Der Host-Prozessor braucht also nicht mehr
aufgerüstet oder ersetzt zu werden, was
die Zuverlässigkeit erhöht. Außerdem muss
der vorhandene Code zur Unterstützung einer
GUI nicht mehr umständlich neu geschrieben
und erweitert werden, und neue Umwandlungstools werden unnötig. Hinzu kommt, dass die Benutzeroberfläche unabhängig vom Embedded-Control-System der Applikation getestet werden kann. Der Schlüssel liegt in einer Partitionierung. Anstatt dem Host-Prozessor die Verantwortung für GUI-Aufgaben zu übertragen,
ergänzt eine partitionierte Architektur die
Elektronik um einen speziell dafür entwickelten
GUI-Mikrocontroller mit einem eingebauten grafischen Betriebssystem (Graphical OS Chip) sowie einem kompletten Toolsatz, der die GUI verwaltet, mit dem Anwender in Interaktion tritt und die LCD ansteuert.

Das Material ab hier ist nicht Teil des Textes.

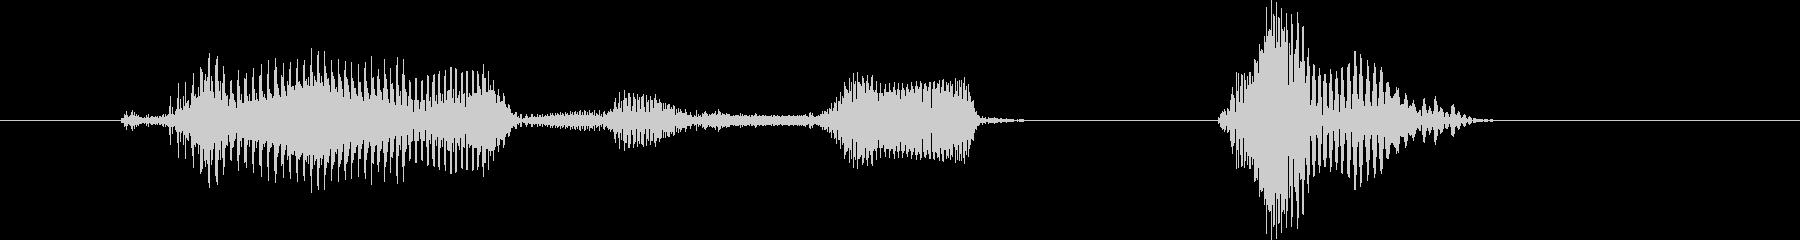 ゲームセット(男の子)の未再生の波形

Dieses Design (siehe Abbildung) nimmt eine effektive Lastverteilung vor, belässt dabei jedoch den zuverlässigen vorhandenen 8-Bit-Mikroprozessor unberührt und
unverändert. Mit anderen Worten: Die GUI-Funktionalität wird dem vorhandenen
Code „überlagert“. Modifikationen des
Legacy-Codes sind auf eine bidirektionale
serielle Schnittstelle mit sehr geringer
Bandbreite zum Amulet-Mikrocontroller
beschränkt.
Der erwähnte GUI-Chip ist die Kombination eines LCD-Controllers mit einem User-Interface-Manager, der die gesamte Kommunikation mit der Anwenderschnittstelle
und der LCD übernimmt. Er enthält Aufgaben-
spezifische Befehls-Codes für Grafik-Rendering, I/O-Verarbeitung sowie universelle Berechnung, mit deren Hilfe die Firmware des GUI-Kerns eine hoch effiziente Aufgabenprioritätssteuerung implementieren kann. Er ist auf die Ausführung
des GUI-Kerns von Amulet und die Komponenten-basierte GUI-Firmware optimiert.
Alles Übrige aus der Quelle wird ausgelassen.